We've always taught our residents to give such patients lots of fluid when they hit the emergency room. There's a retroperitoneal burn; they're fluid depleted and they need to get more fluid. The national guidelines have suggested this as well.

However, this approach has recently begun to be challenged.

In this prospective study conducted by 18 multinational centers, investigators randomized patients to receive a lactated Ringer's solution 20 mL/kg bolus over a 2-hour period followed by 3 mL/kg/h. This was compared to the moderate fluid resuscitation with a lactated Ringer's bolus of 10 mL/kg in the case of hypovolemia and no bolus in patients with normovolemia.

The patients were then followed up with a maintenance dose of 1.5 mL/kg/h. The patients were assessed at 12, 24, 48, and 72 hours.

Investigators observed no change in pancreatitis. However, there was a significant change related to pancreatic fluid overload. Patients treated with the aggressive approach developed signs of fluid overload at a nearly three-times-greater rate than those with the moderate approach. There was a trend as it relates to organ failure or any type of peripancreatic necrosis.

We're starting to recognize that we can give too much of a good thing with fluids. In fact, they stopped this trial at the interim analysis, recognizing the risk. So take a step back on your fluids, consider goal-directed fluid resuscitation, and assess their fluid volume status when they come in.

Extended Budesonide Appears Safe in Microscopic Colitis

The next study, which came from investigators at the Mayo Clinic, dealt with budesonide in microscopic colitis.[7]

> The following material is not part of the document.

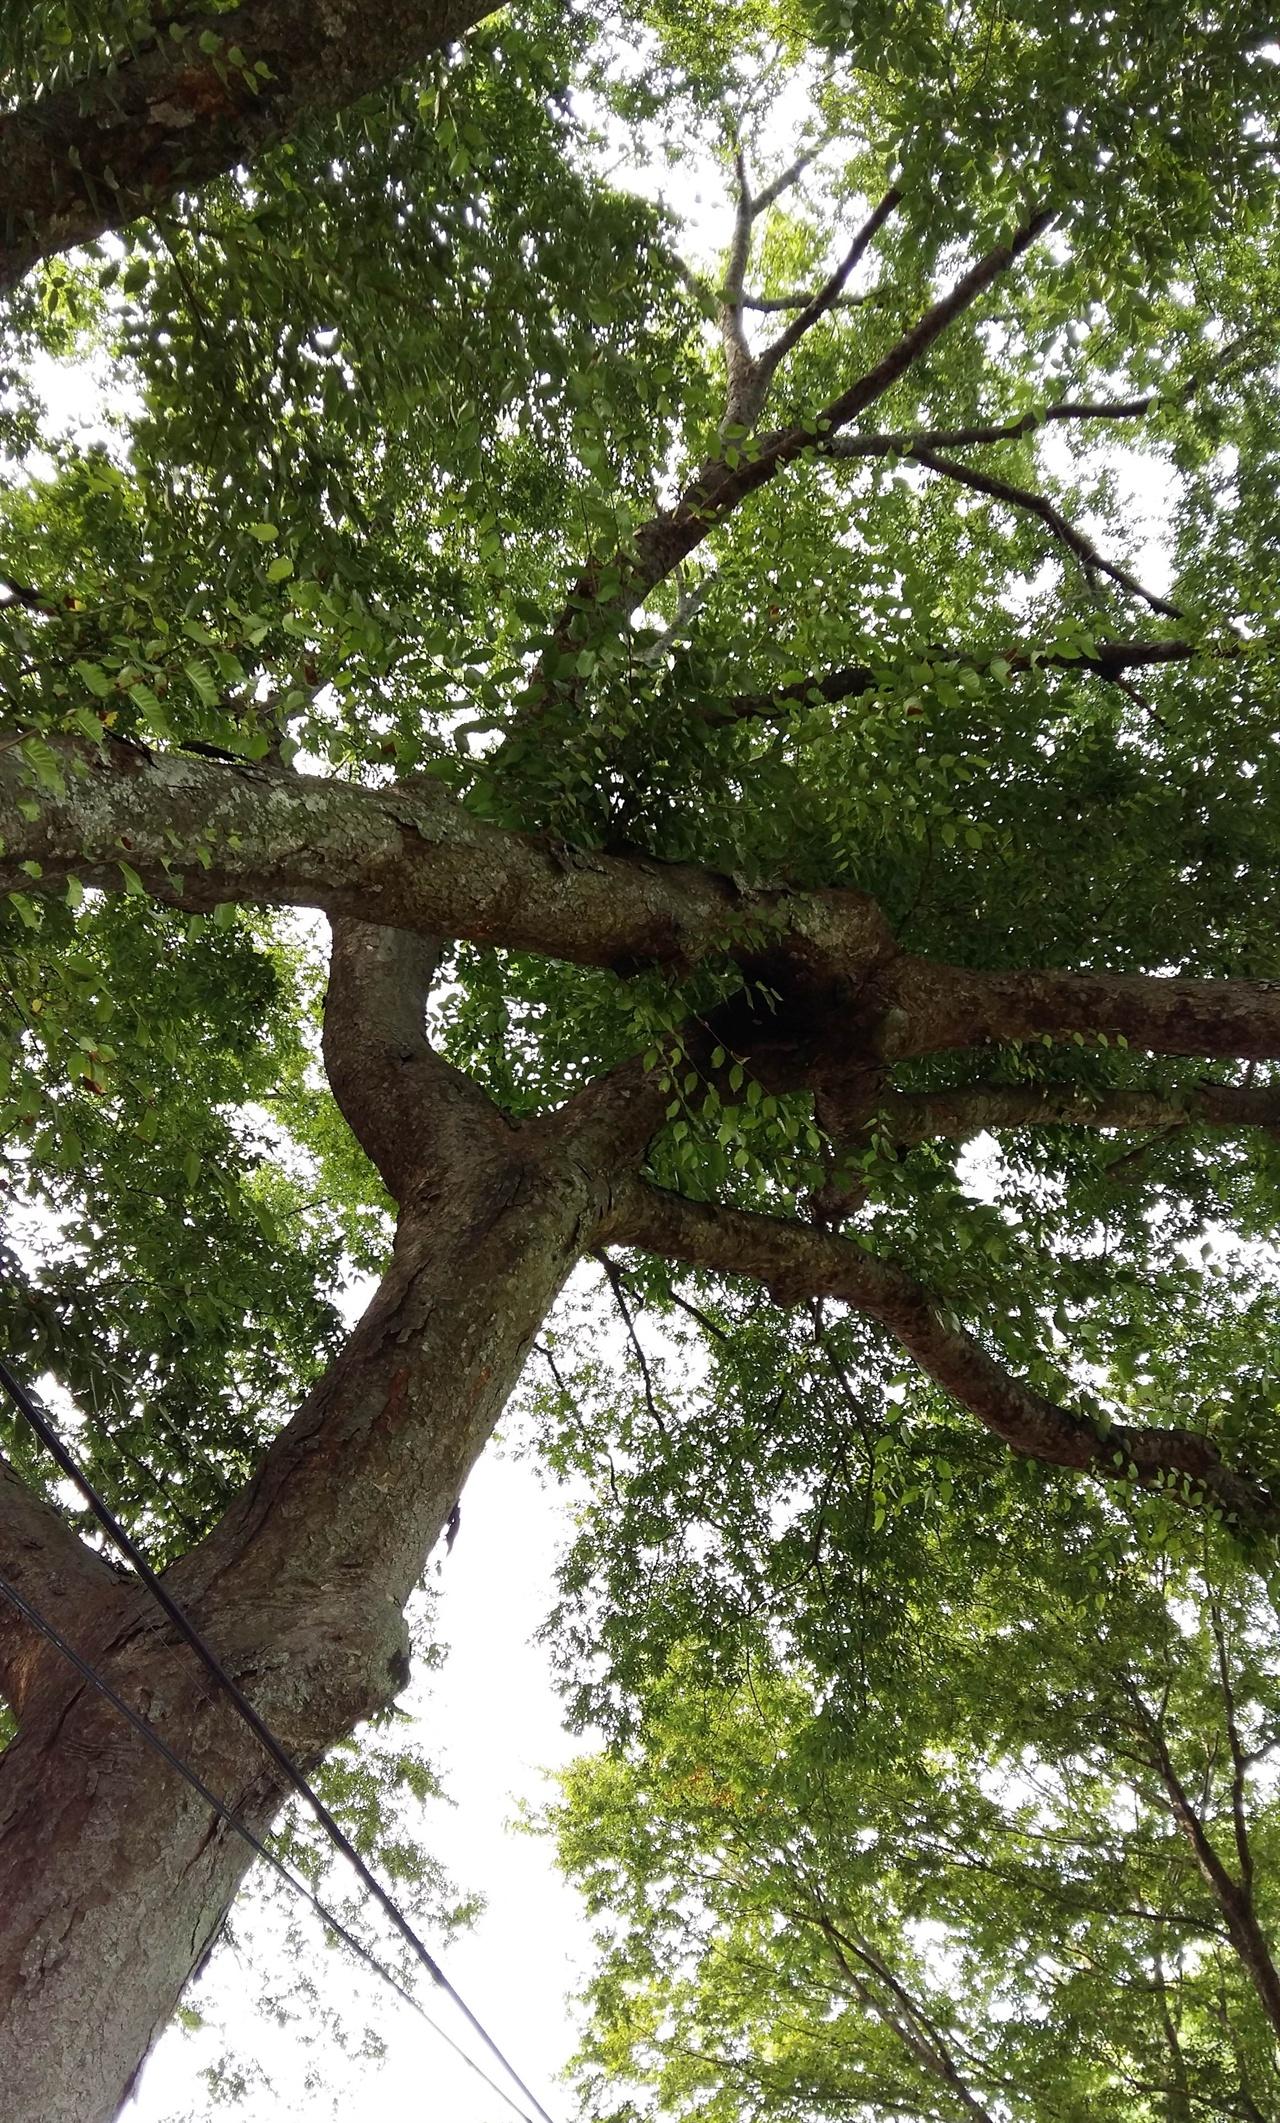 고마 마을 당산나무 연리지 연리지(連理枝 이을연·결리·나뭇가지지)는 말 그대로 뿌리가 다른 나뭇가지가 서로 엉켜 하나가 된 가지를 말한다. 고마 마을 사람들은 당산 할아버지와 할머니의 정이 깊어 하나가 되었다고 믿고 있다.

They identified 450 patients with microscopic colitis that was lymphocytic or collagenous but were grouped together for this presentation. Of these patients, 162 were treated with budesonide. The median age of these patients was 67 years, although it ranged from 23 to 91 years, and 78% were women.

The good news was that 80.2% of patients treated with budesonide had a complete response, 13.6% had a partial response, and 4.9% had no response.

But after induction, 63.2% had recurrence after discontinuation, which is something we also see in clinical practice. Of these, 28.1% required further budesonide induction without maintenance, 58.3% required long-term budesonide maintenance, and 13.5% received other treatments like a bile acid binder of bismuth subsalicylate.

The median time to recurrence after induction was 98 days, with a range of 7-221 days.